Les garçons éclatent de rire.

Jérôme pointe le fauteuil du paternel.

— Qu’est-ce que vous en pensez ?

— Il va nous massacrer, objecte Théo.

— Mais non. Il va pas savoir que c’est nous. C’est demain qu’il va fumer la cigarette. Au port. Il va penser que c’est la faute d’un des gars avec qui il travaille. Il raconte tout le temps qu’ils se jouent des tours, pas vrai ?

— Il va se taper une crise du cœur, dit Théo.

Jérôme et Théo rient. Georges aussi, bien qu’il ait de plus en plus peur.

Jérôme prend une des cigarettes déjà roulées sur le fauteuil.

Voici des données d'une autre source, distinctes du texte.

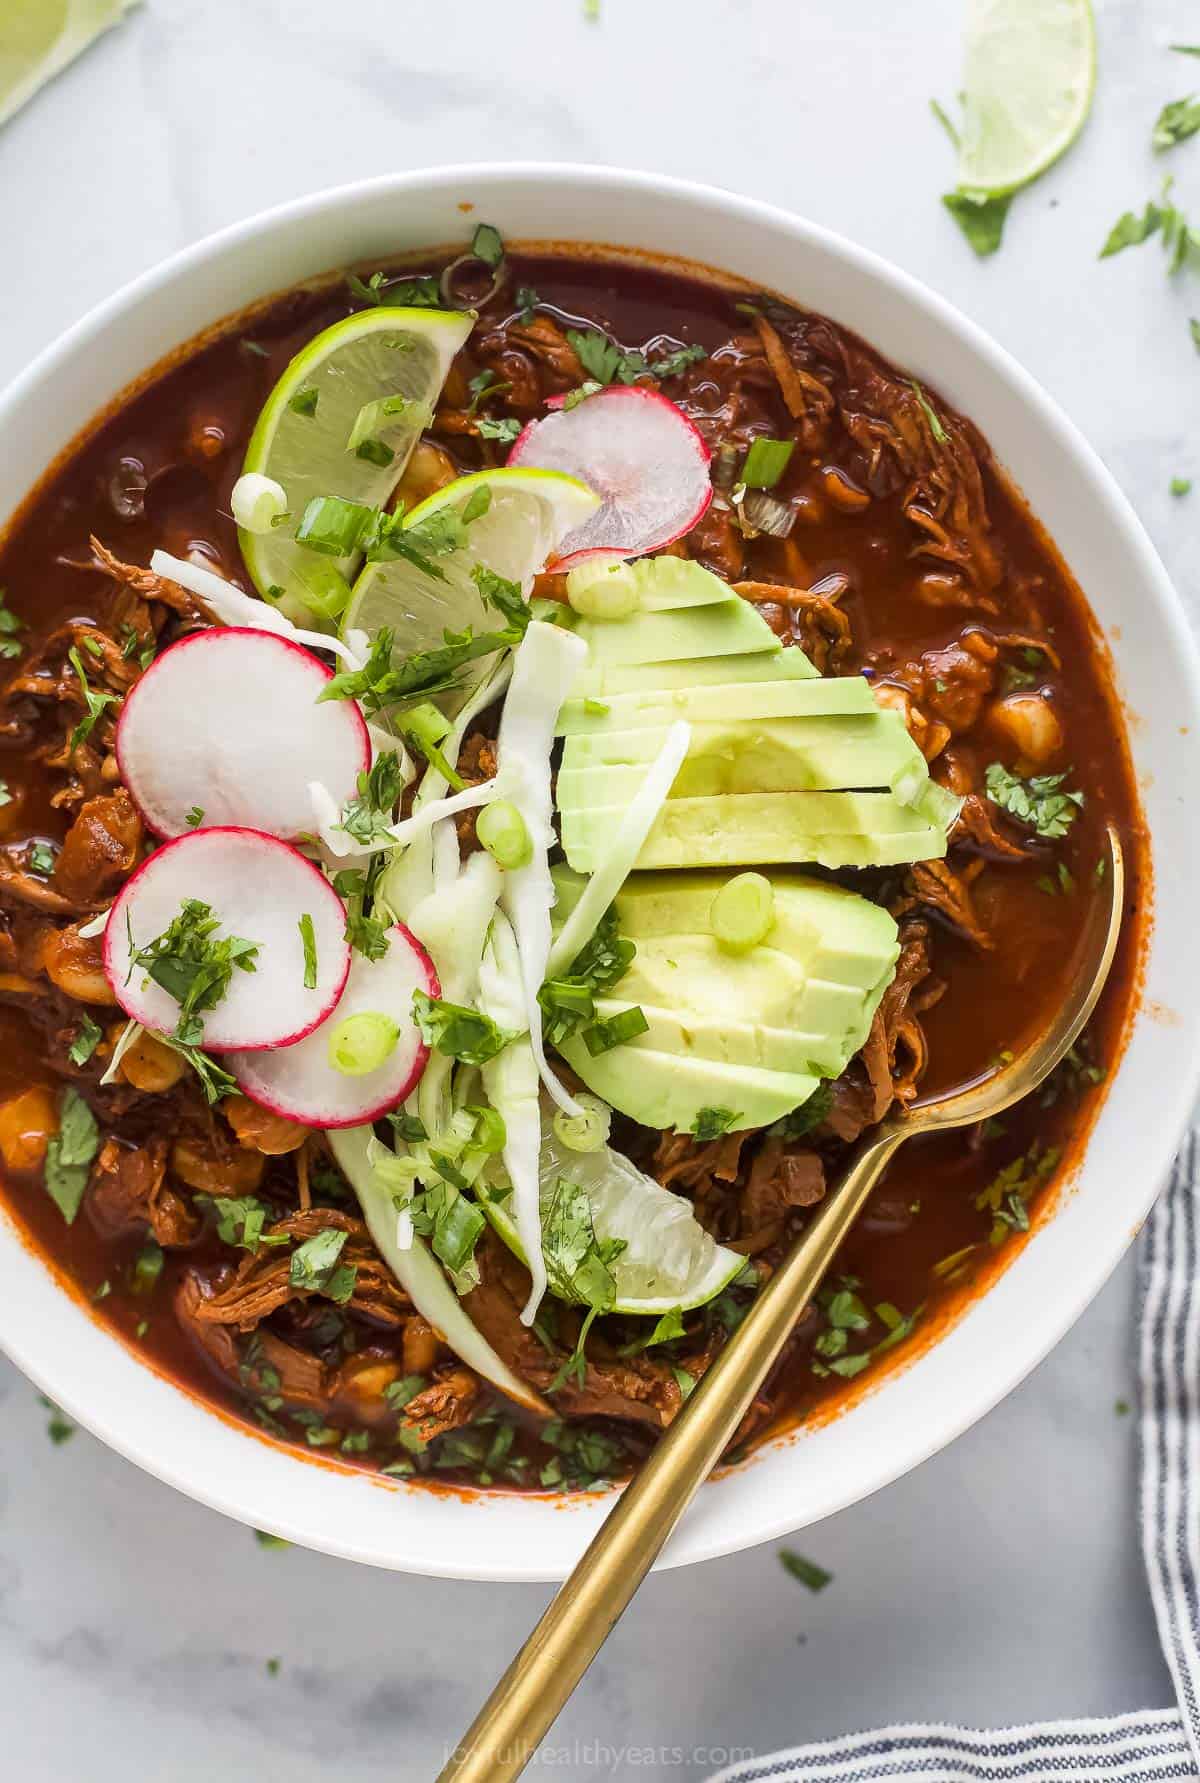 a bowl of red sauce based chicken stew garnished with radishes, lime wedges, cilantro, and avocado slices

— On est supposé en mettre rien qu’une, précise-t-il, mais allons-y avec deux. Pour être certain.

— Allons-y avec trois, enchaîne Théo.

Les frères rigolent pendant que Jérôme insère les pétards avec un cure-dent.

— Dépêche-toi, dit Théo. Il va revenir, ça sera pas long.

— Toi, Georges, t’as besoin de pas nous trahir, prévient Jérôme. Sinon on va t’en maudire toute une, Théo et moi.

— Pas peur, réplique Georges. Je suis pas un stool.

Une minute plus tard, leur père est de retour. Il ramasse ses cigarettes et les met dans un étui.

Au même instant, la mère entre dans la pièce :

— Où tu vas, Fernand ?

Elle sait fort bien où il s’en va.

Pour toute réponse, son mari la foudroie du regard.

Elle baisse les yeux.

Les garçons sont heureux que cette fois-ci il n’y ait pas eu d’engueulade ou pire, de coups.

*   *   *

Situé rue Amherst au sud de Dorchester, Le Paradis Terrestre est un club de danseuses qui attire toujours le même type de clientèle : ivrognes qui, soir après soir, crachent et vomissent sur le plancher recouvert de bran de scie après avoir avalé une eau-de-vie qui pourrait servir de décapant ; marins avinés et violents ; parasites sociaux toutes catégories confondues ; prostituées de toutes tendances, inclinaisons et orientations sexuelles que personne, le moindrement sain d’esprit ou à jeun, n’oserait toucher. C’est un endroit à la Sodome et Gomorrhe condamné par l’Église catholique et par tous les bien-pensants en ville.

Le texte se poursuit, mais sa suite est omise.